Plain and simple, I will not be sharing this book with any of them. Yet.
Yes, the shady man holding an assault rifle with the image of a ballerina superimposed overtop on the cover might have been a tip that this was not going to be an all ages dancer's story. Tack on the blood spot framing the ballerina's face and the cover alone might cause my little dancers some significant degree of unrest. Nathan Edmondson's story inside spends only a few panels in the world of Quinn, the presumed titular "Dancer."
Most of the issue is filled with a mysterious assassin gunning a man down in a swanky Brazilian restaurant. That assassin begins to trail Alan, Quinn's boyfriend, as Alan and Quinn share a quiet respite in a café in Milan. From there, things get intense and a chase is launched. The energy and tension generated by the chase is not unlike Greg Rucka's Atticus Kodiak novels. I found myself linking back to the Kodiak novels more than once as there are many similarities in pacing and story elements. It's not a carbon copy, nor is it an imitation of anything Rucka does, but it is an exciting adventure that Edmondson and artist Nic Klein have concocted.

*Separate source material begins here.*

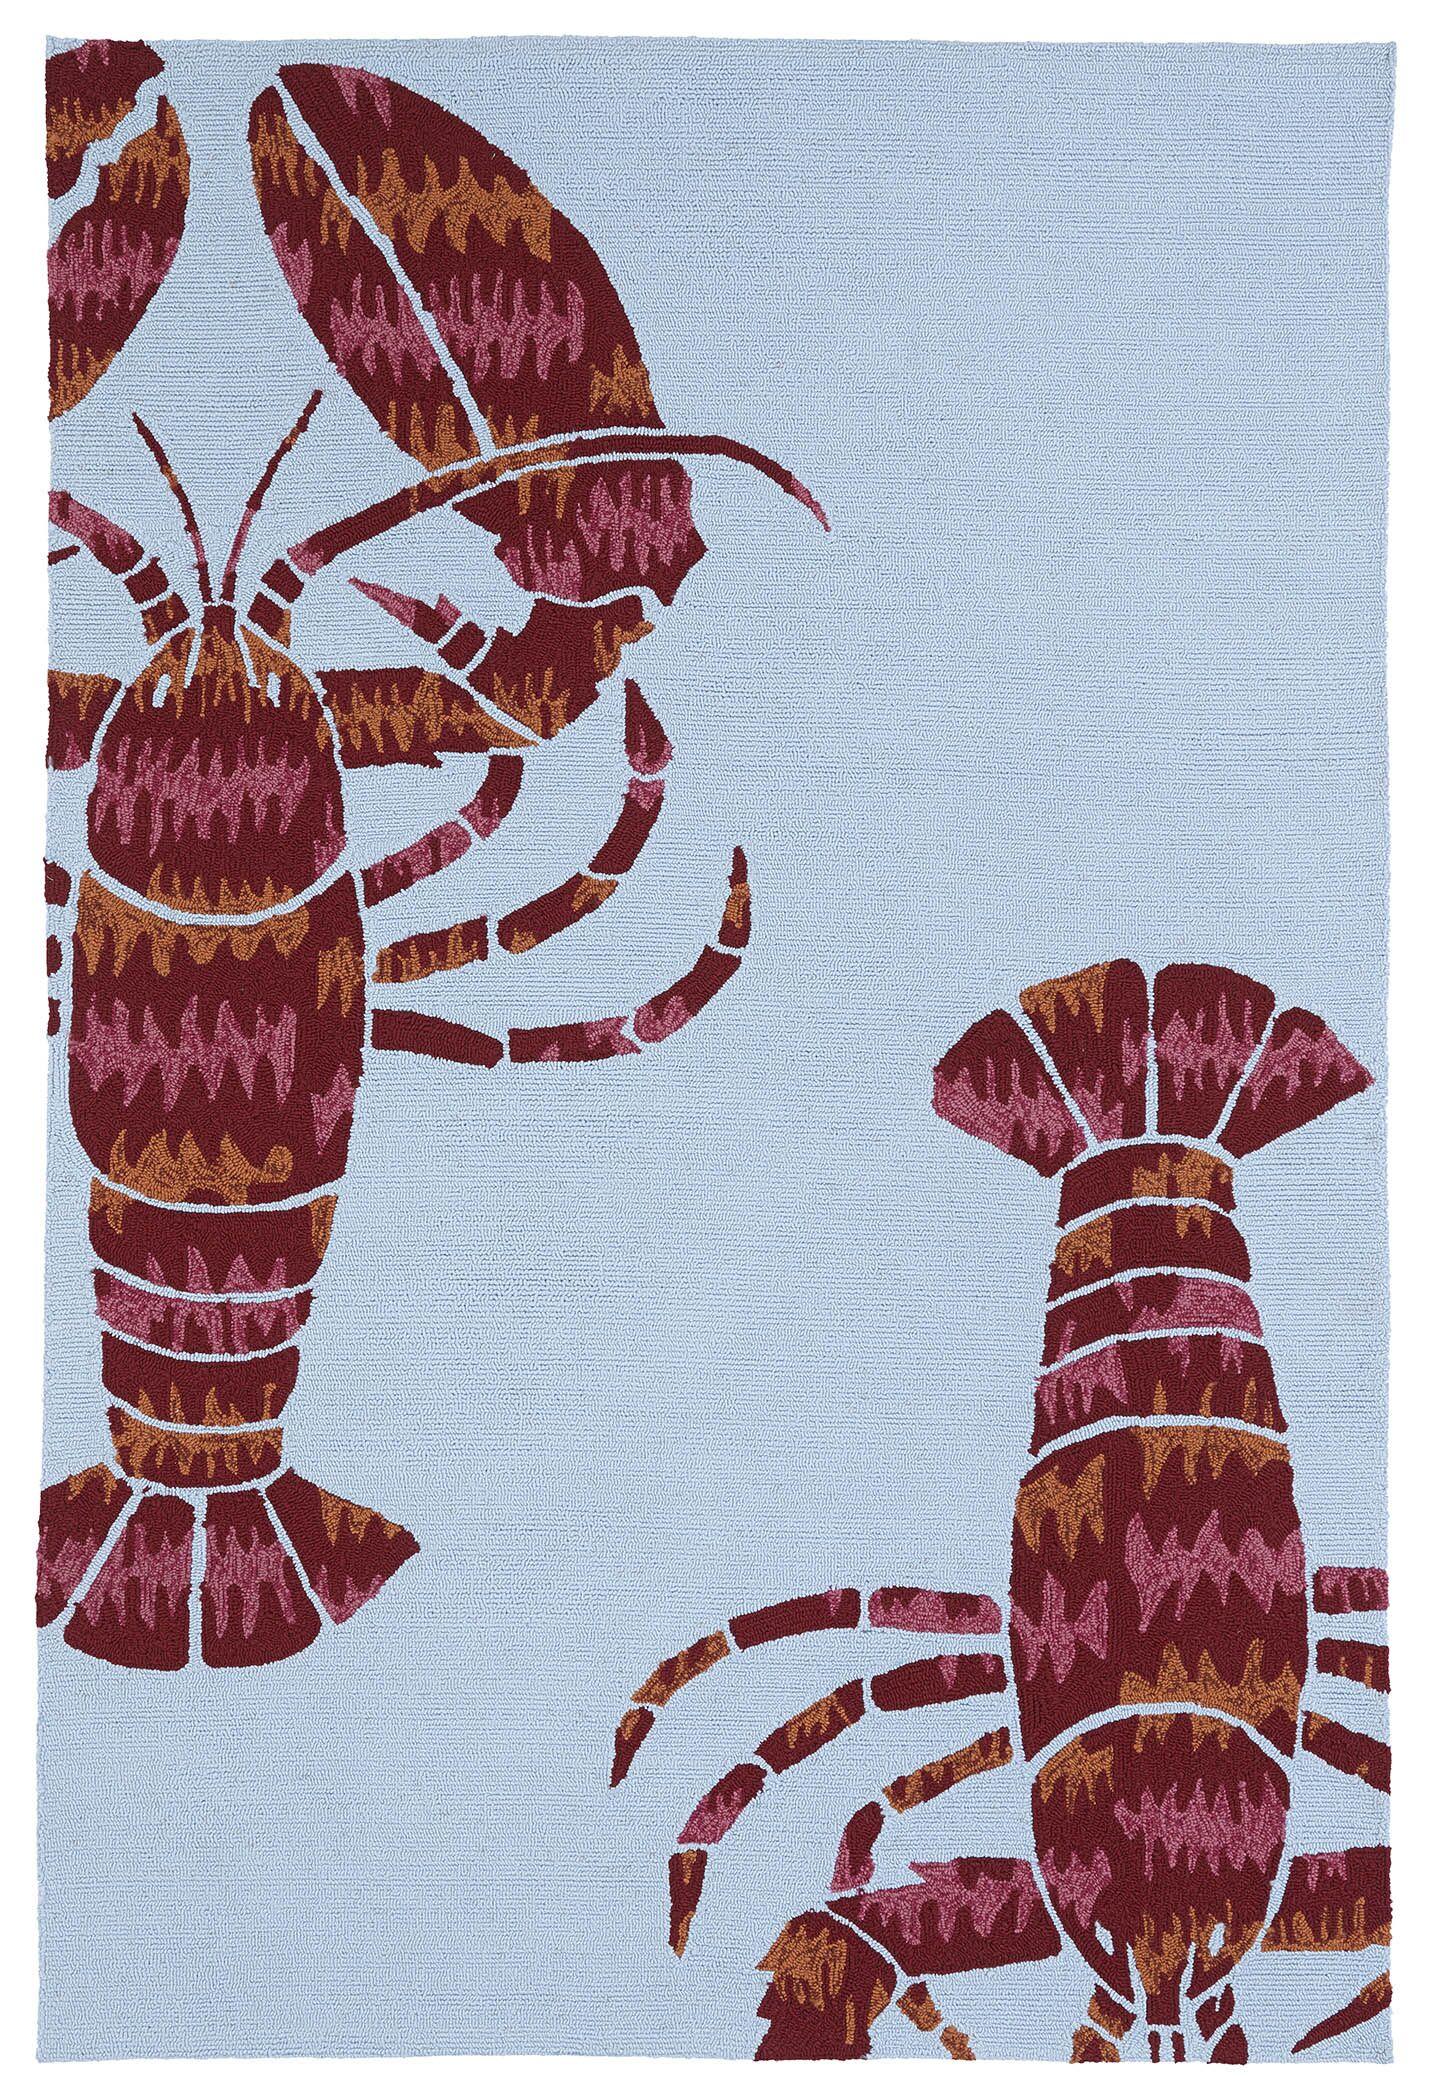 Gordon Hand Tufted Indoor/Outdoor Area Rug Rug Size: Rectangle 8'6
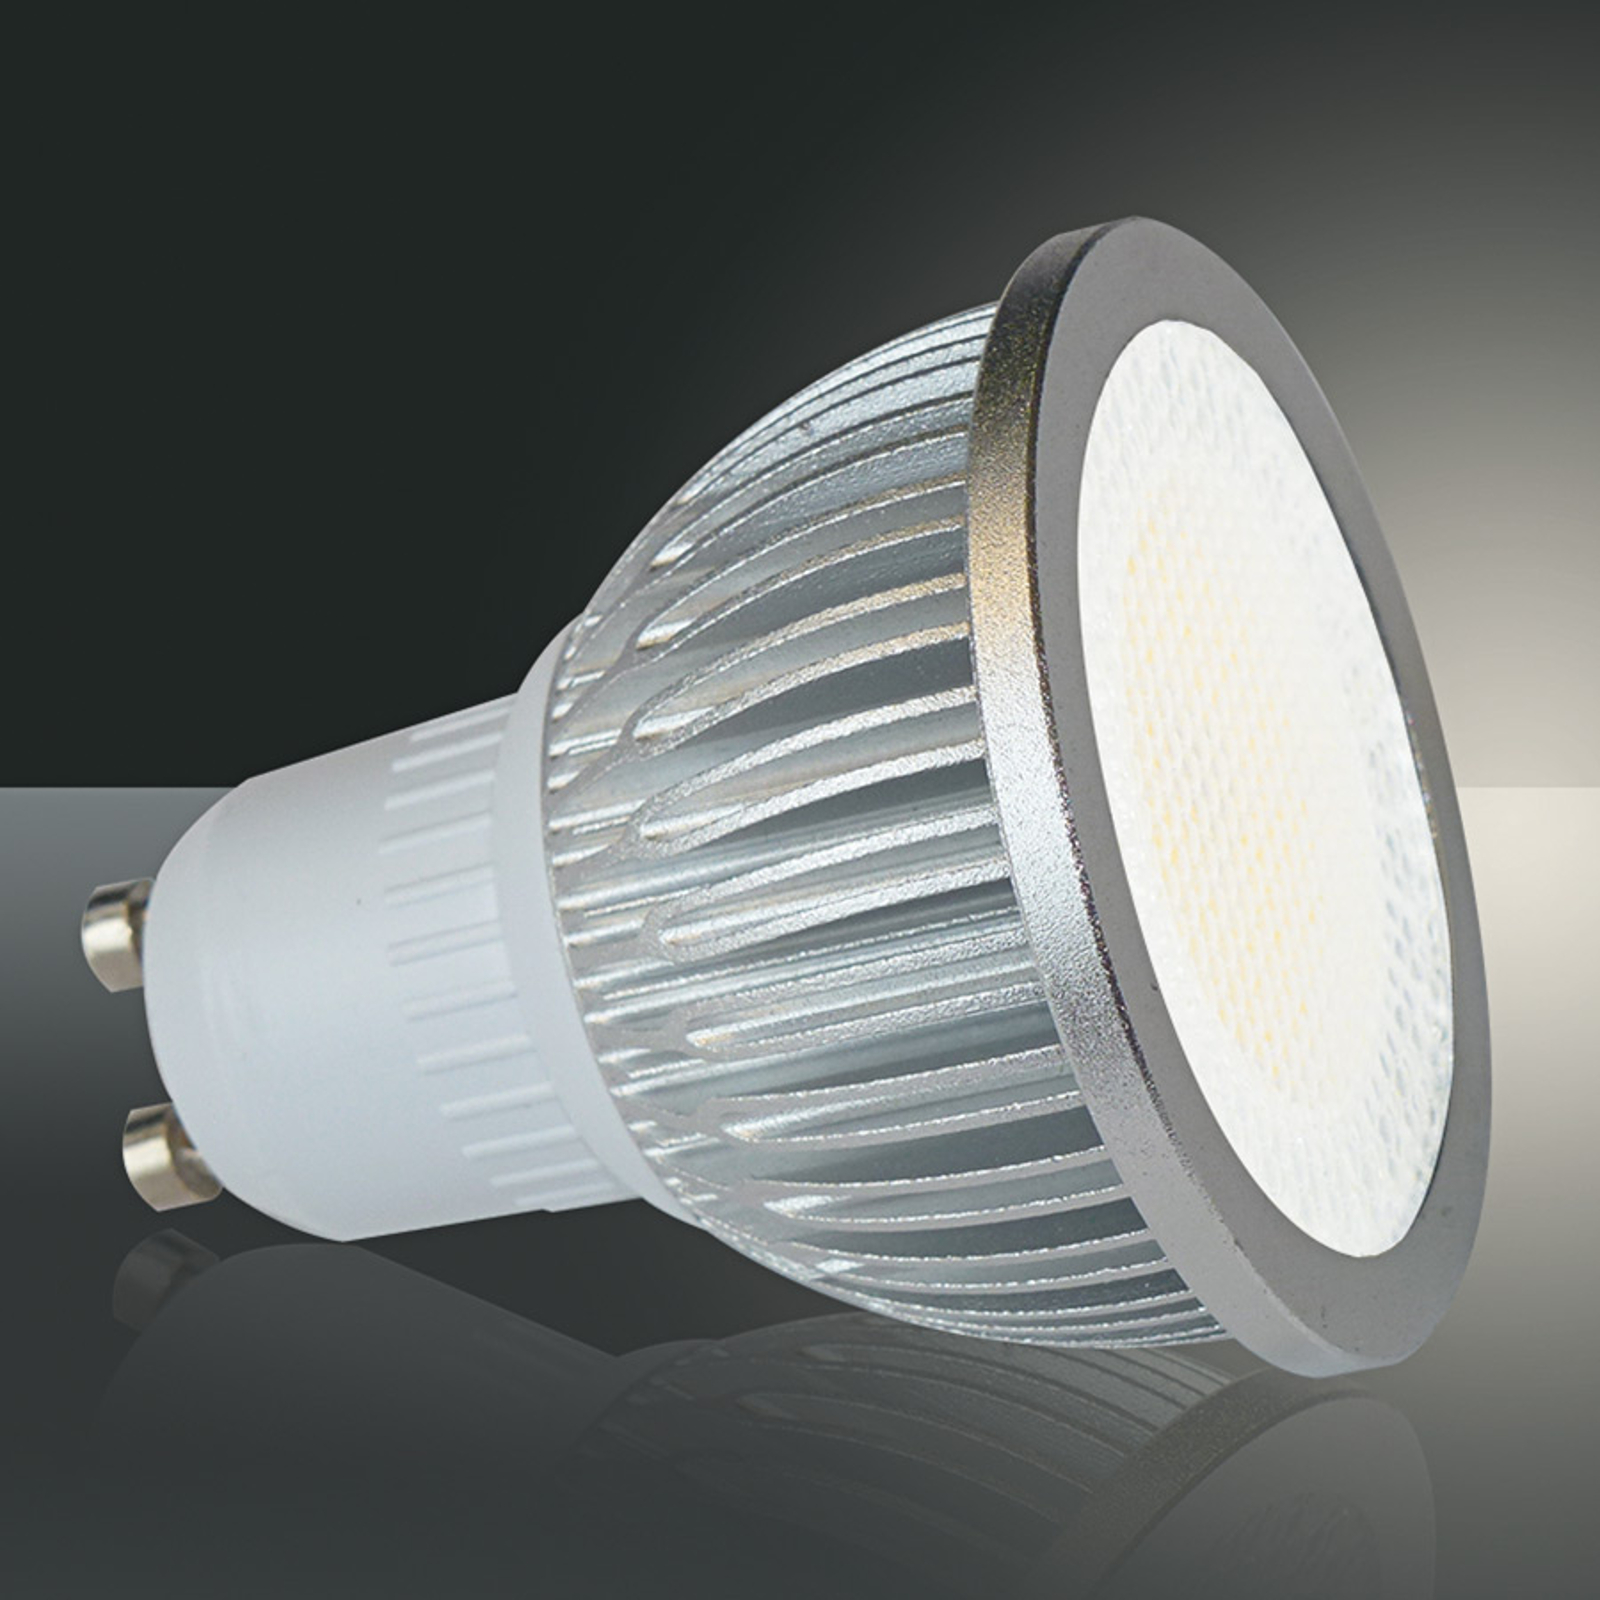 GU10 5W 829 højvolts LED reflektorpære, 90°

Klein's work is lush with shadows, invoking chiaroscuro and filling "Dancer" #1 with uncertainty and foreboding. Klein's figures are very similar in style to Phil Hester, but with a different level of detail than Hester employs. Using cross-hatching at the edges of the shadows, Klein gives Quinn and Alan an uneasiness demanded by their situation. Klein also handles the colors, making the imagery more cohesive.
Just as "Dancer" seems to be cast as a simple suspense story, with a former assassin trying to outrun his past, Edmondson throws in a sharp turn and changes the pitch, complexion, and plot of this story. It's that sharp turn that really sells this book to me. I didn't see it coming, but I'm glad it did. Now this story is something altogether different than what I thought I was getting in a book titled "Dancer." Turns out this just might not have as much to do with dancing as I was expecting, but it does have my attention.